Letter shape familiarity and letter name knowledge in early readers

(A) Accuracy on the familiarity task (Experiment 1) plotted against the accuracy on the letter recognition task across 208 children who participated in both tasks. Each dot represents one child. Participants are shown as divided into four distinct groups based on familiarity and recognition accuracy for subsequent analyses in panels D-G: high/low familiarity (cyan/blue) × high/low recognition (orange/red). The overall correlation across all participants is depicted at the bottom left with asterisks representing statistical significance (**** is p < .00005). (B) Same as (A) but using familiarity accuracy calculated only on the letters that were not recognized by each child. Recognition accuracy is calculated as before. Note that this means that familiarity accuracy is calculated over many more letters for children with low compared to high recognition accuracy. Nonetheless it can be seen that children show high levels of letter shape familiarity even on letters that they did not recognize at all. This challenges the assumption that children become familiar with letter shape only when they undergo formal reading instruction. (C) Same as (A) but using familiarity accuracy calculated only on recognized letters, shown for the sake of completeness. Note that familiarity accuracy is now calculated across many more letters for children with high compared to low recognition accuracy. It can be seen that children showed high levels of letter familiarity on letters that they did recognize, which is not surprising. (D) Average search time for upright and inverted letter searches for participants in the high familiarity, low recognition group (n = 39). Error bars represent the standard error of the mean for the average search time across participants. Asterisks above the bars represent statistical significance, calculated using a sign-rank test on average search times for upright and inverted searches (** is p < .005). (E) Same as (D) but for the high familiarity, high recognition group (n = 121, *** is p < .0005). (F) Same as (D) but for the low familiarity, low recognition group (n = 28). (G) Same as (D) but for the low familiarity, high recognition group (n = 20).
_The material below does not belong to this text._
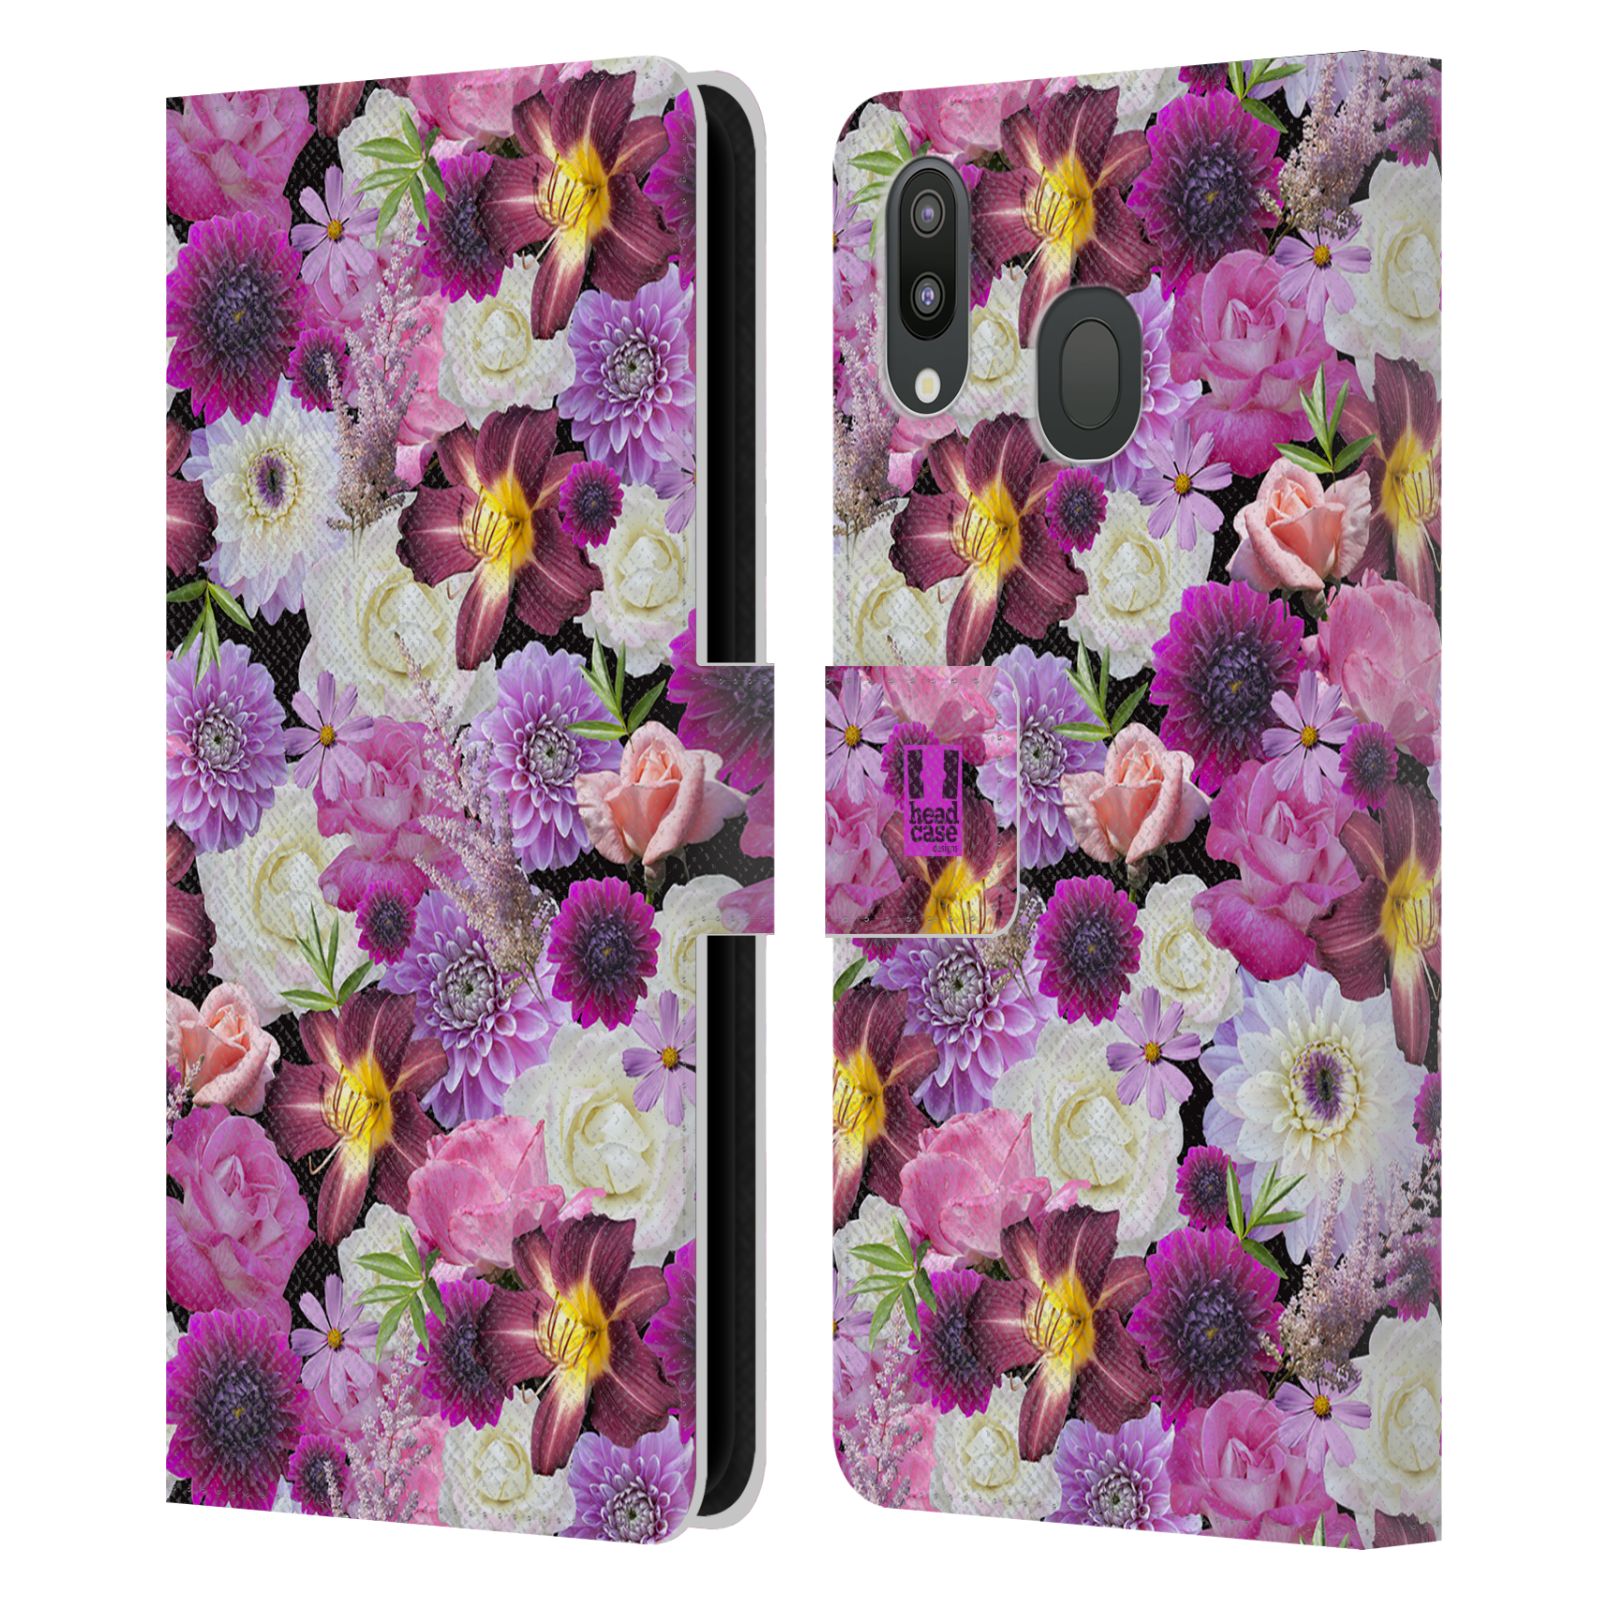 Pouzdro na mobil Samsung Galaxy M20 květy foto fialová a bílá

Factors that determine upright letter search advantage

(A) Correlation between the upright letter search advantage and each factor across children. Error bars represent standard deviation estimated using a bootstrap analysis: participants were selected randomly with replacement 1,000 times and the correlation was calculated each time, and the error bar is taken as the standard deviation across these bootstrapped correlations. Statistically significant correlations are indicated using green bars with asterisks, and others using blue bars. Asterisks represent statistical significance (* is p < .05; ** is p < .005; *** is p < .0005, etc). (B) Partial correlation between the upright search advantage and each factor across children. All other conventions are as before.
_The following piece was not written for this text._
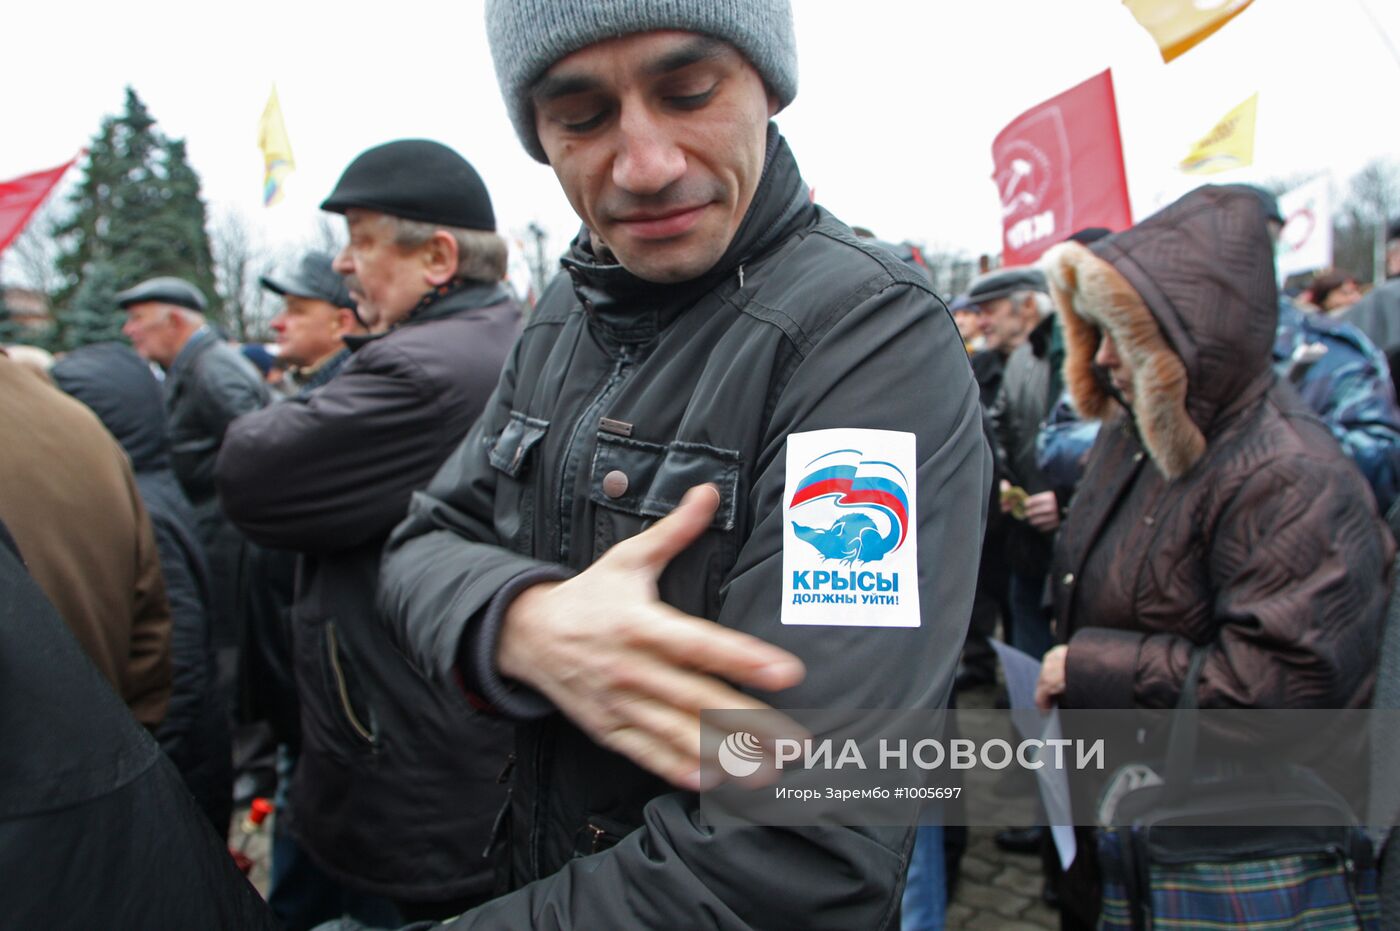 Акция протеста "За честные выборы!" в городах России

Factors that determine RAN score & correlations between all factors

(A) Correlation between RAN score and each factor across children. Error bars represent standard deviation estimated using a bootstrap analysis: participants were selected randomly with replacement 1,000 times and the correlation was calculated each time, and the error bar is taken as the standard deviation across these bootstrapped correlations. Statistically significant correlations are indicated using green bars with asterisks, and others using blue bars. Asterisks represent statistical significance (* is p < 0.05; ** is p < 0.005; *** is p < 0.0005, etc). (B) Partial correlation between the upright search advantage and each factor across children. All other conventions are as before (C) Colormap of pairwise correlations between measures across all tasks. The color in each box represents the correlation coefficient between the corresponding factors. Asterisks inside the box represent statistical significance (* is p < 0.05, ** is p < 0.005, etc).